**What to work on:**
Could you retype exactly the lines below between the one holding "Die neue Parfum-Linie" and the one holding "Chico mirando a", inclusive, leaving out any pictures?

**Exercise inputs:**
··········
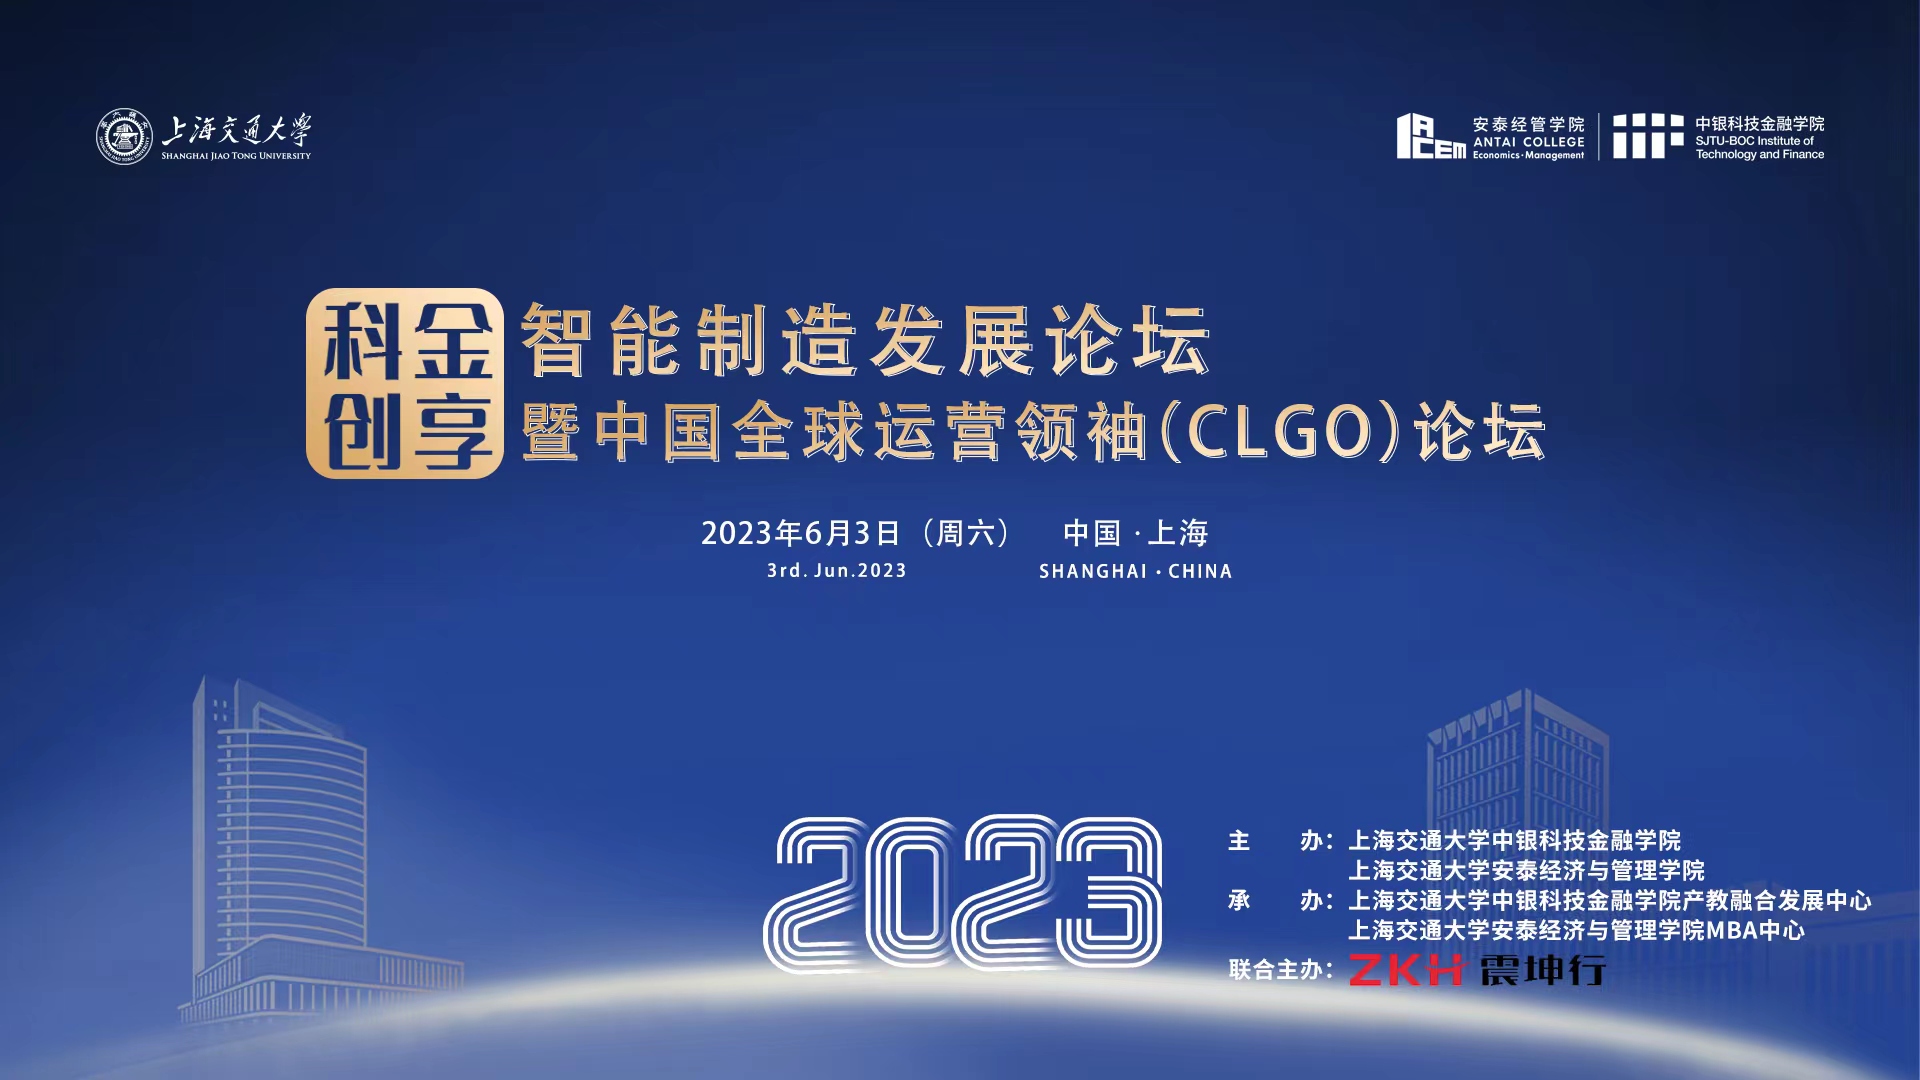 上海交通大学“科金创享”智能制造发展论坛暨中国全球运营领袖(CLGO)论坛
··········
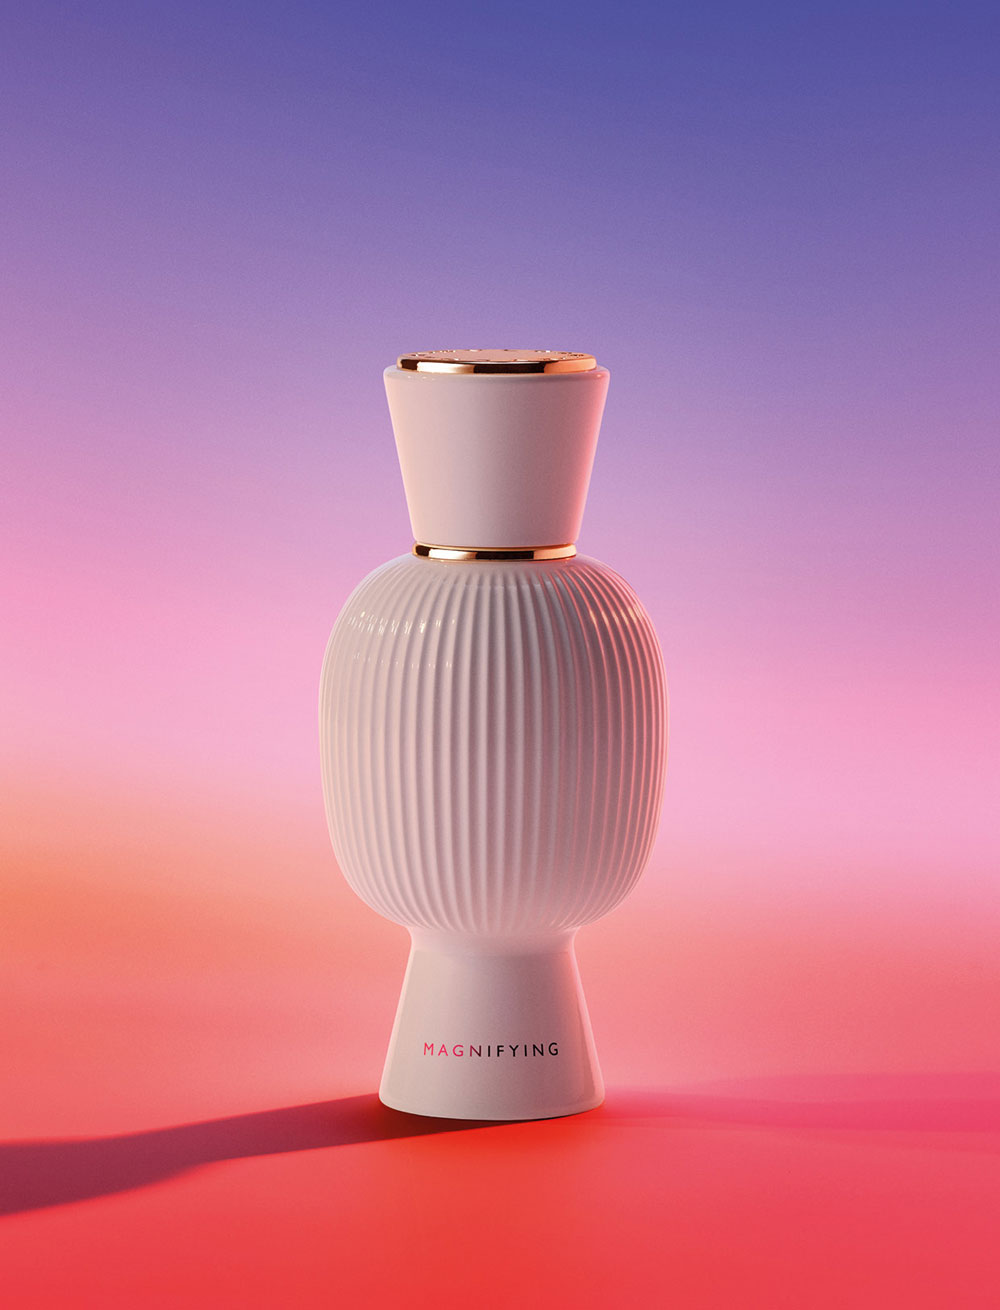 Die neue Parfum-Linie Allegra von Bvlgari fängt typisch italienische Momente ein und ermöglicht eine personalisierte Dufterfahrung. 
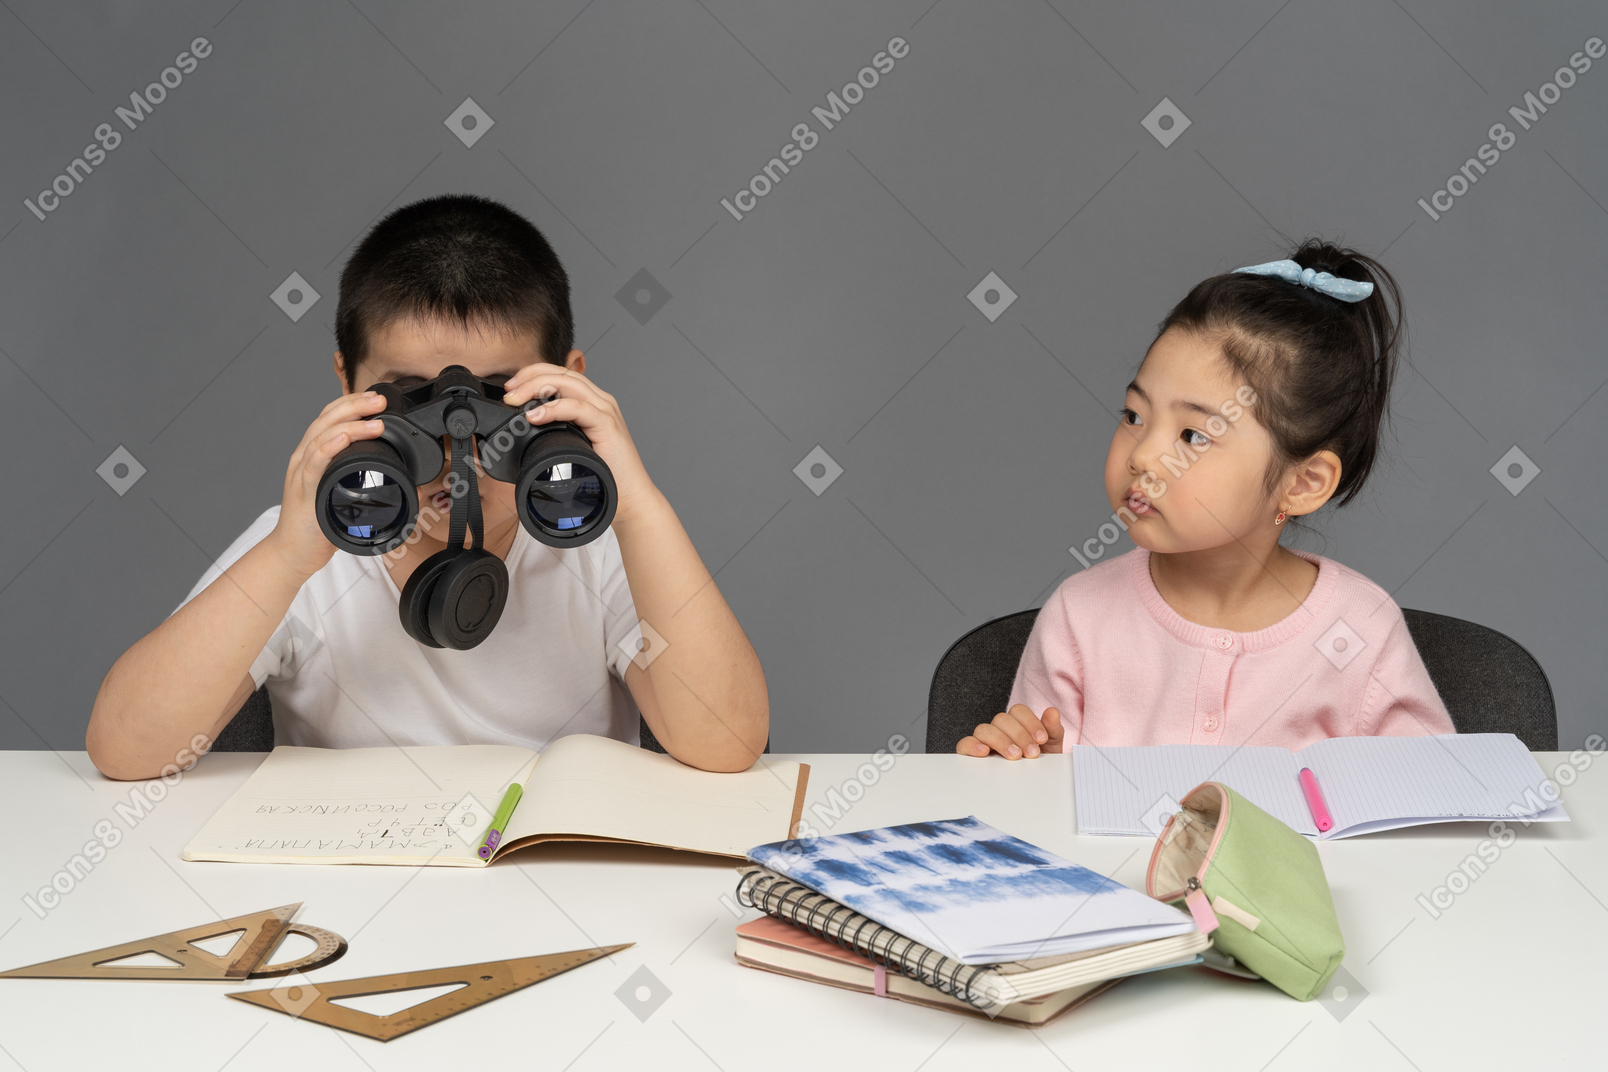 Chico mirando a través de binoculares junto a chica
··········
**Exercise response:**
 Die neue Parfum-Linie Allegra von Bvlgari fängt typisch italienische Momente ein und ermöglicht eine personalisierte Dufterfahrung. 
 Chico mirando a través de binoculares junto a chica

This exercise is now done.